I have followed with interest this discussion of passphrase "entropy". What I'm not clear on is the effect of a hashing algorithm on the final entropy. If I come up with a "random" set of printable characters which contain 128 bits of entropy, and feed them to MD5, let's say, will I still have 128 bits of entropy on the output? Or do I need some sort of safety margin above 128 bits to "be sure"? What's lurking in the back of my mind is this -- if you enter something with LESS than 128 bits, the hashing algorithm has to "pad" or otherwise fill in the missing bits from <somewhere>. Now if I have entered a phrase with EXACTLY 128 bits of entropy, hypothetically, is that enough to have flushed the padding or whatever out of the pipeline? Can we really treat MD5 as a "magic black box", or does the optimal input require a knowledge of how the box works? .
On Mon, 4 Jul 1994 nobody@shell.portal.com wrote:
Now if I have entered a phrase with EXACTLY 128 bits of entropy, hypothetically, is that enough to have flushed the padding or whatever out of the pipeline?
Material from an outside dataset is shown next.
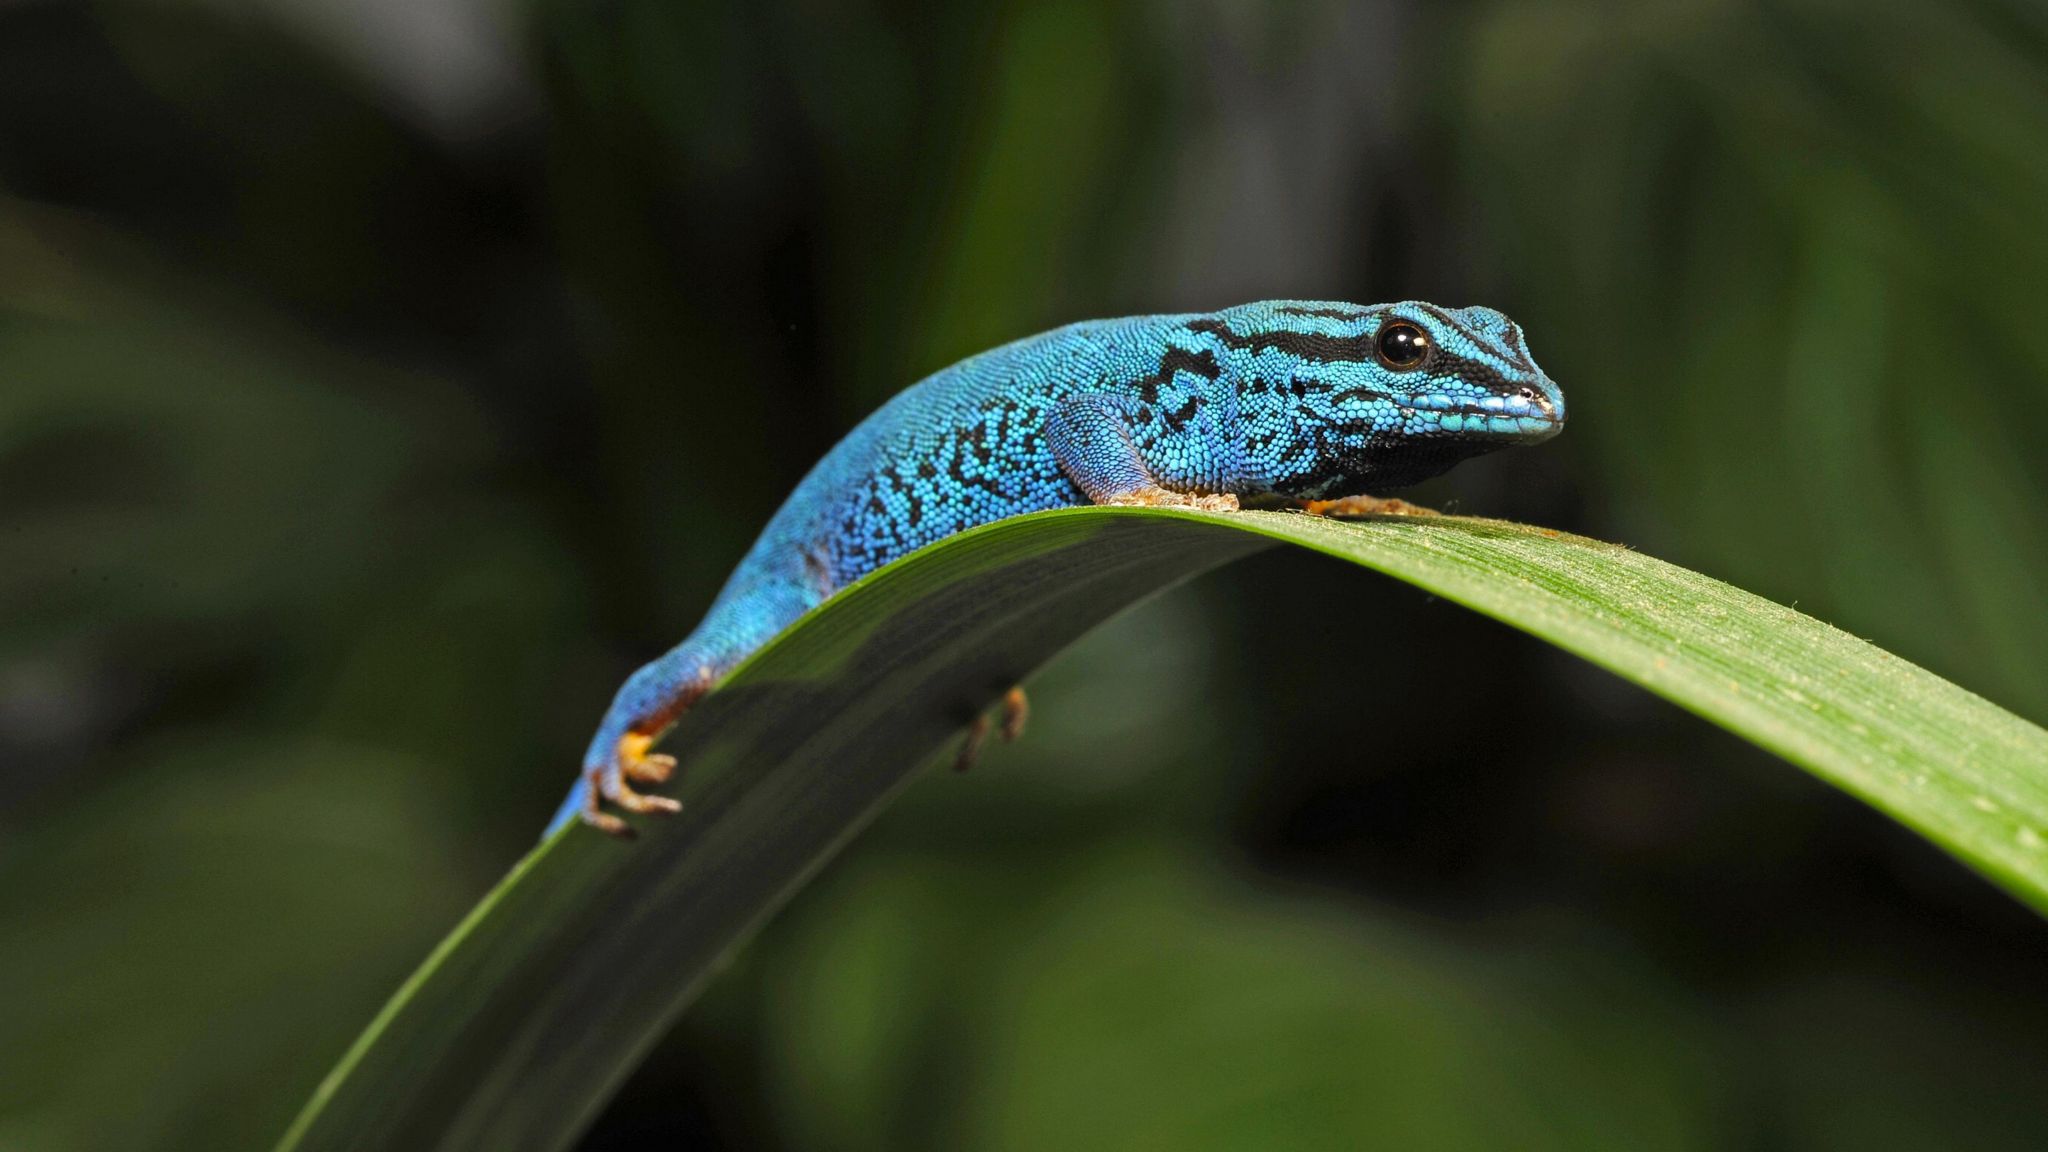 A picture of a turquoise dwarf gecko, pictured sitting on a large green leaf. The gecko is a bright turquoise and is pictured sitting on a long green leaf.  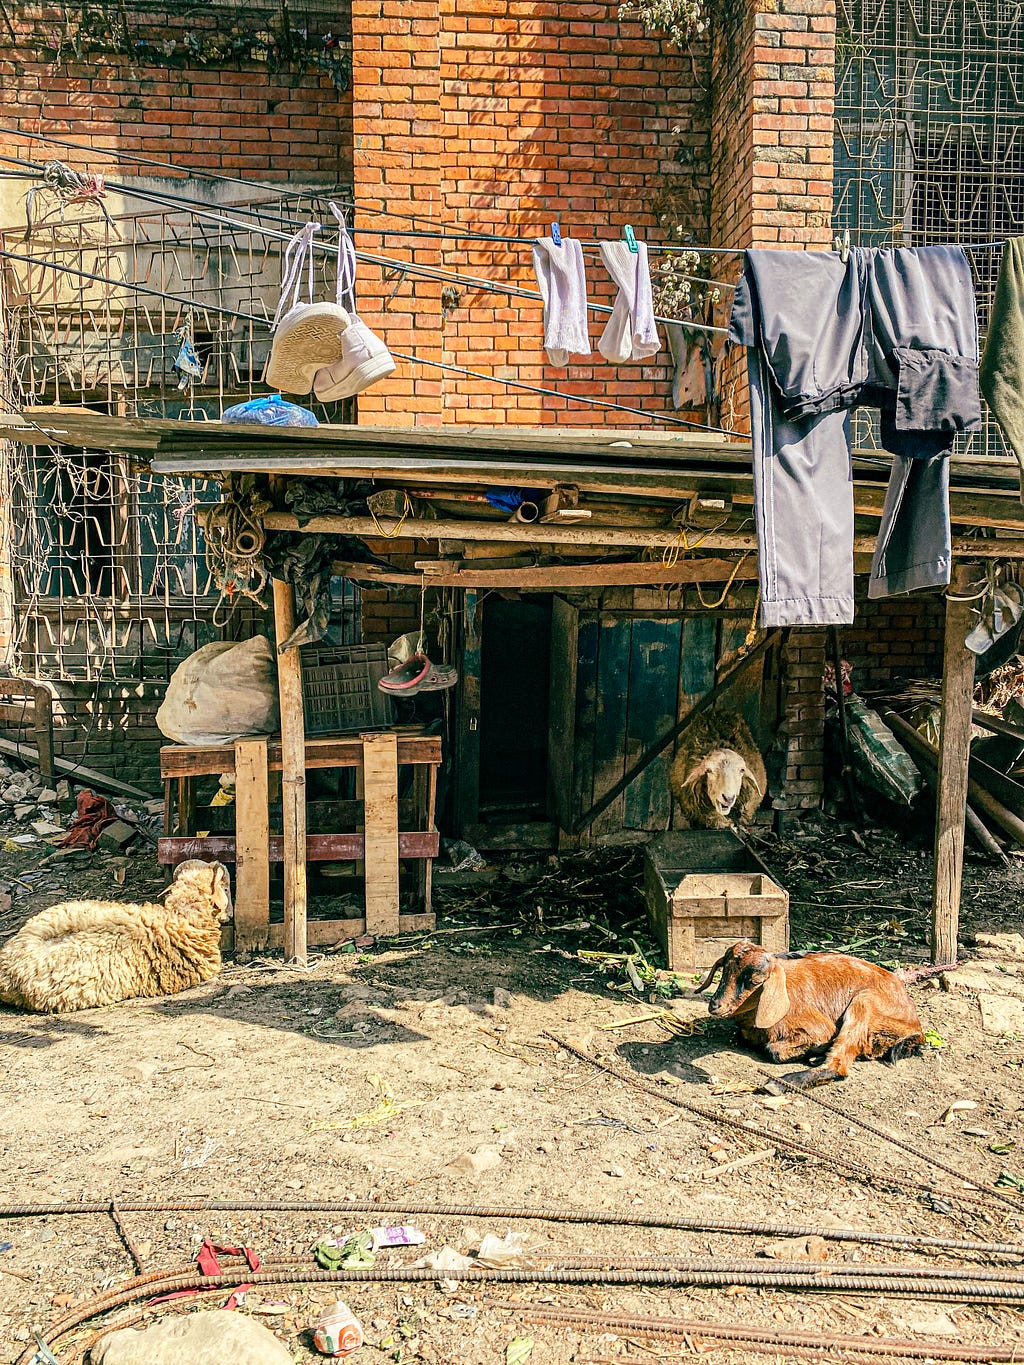 The goats and sheep of Kathmandu. Photo by Author

I have had this question also, has it been shown that the transformation of 128bit words through md5 is *theoretically* invertable, as if it is not, iterating it 1024 times could actually make you *LOOSE* entropy. (say it was a random transformation, it would not contain each of the 128 bit outputs, ie some inputs would map to the same output.)
I am not aware of any such result. Roger.
MD5, like all hash functions, are many-to-one functions. This means that theoretically there are an infinite number of messages that will hash to the same value. This also means that reverting from the hash back to your original message is nigh impossible. The security of MD5 is based upon the fact that *finding* two messages that hash to the same value is as difficult as a brute-force attack, which requires 2^128 trials (maybe it's 2^127, but I don't think that really matters). I dion't believe that multiple iterations of MD5 will cause you to lose entropy. Actually, you will lose entropy on teh *first* iteration, since MD5 will \*only\* let you have 128 bits of Entropy, since there are only 128 bits in the output. In subsequent iterations, you just move those bits around. Does this answer your question? -derek Derek Atkins, SB '93 MIT EE, G MIT Media Laboratory Member, MIT Student Information Processing Board (SIPB) Home page: http://www.mit.edu:8001/people/warlord/home_page.html warlord@MIT.EDU PP-ASEL N1NWH PGP key available
On Mon, 4 Jul 1994, Derek Atkins wrote:
Does this answer your question? No.
Again, the only way that MD5 can keep the entropy of a string is for every single 128 bit string to map itself onto a unique 128 bit string, for if two 128 bit strings produce the same output, then you loose entropy. The question is, when md5 is restricted to 128 bit values, does it loose entropy, and if so how much? As much as a random mapping? if so, the 1024 bit itteration in secure drive HARMS security. Roger.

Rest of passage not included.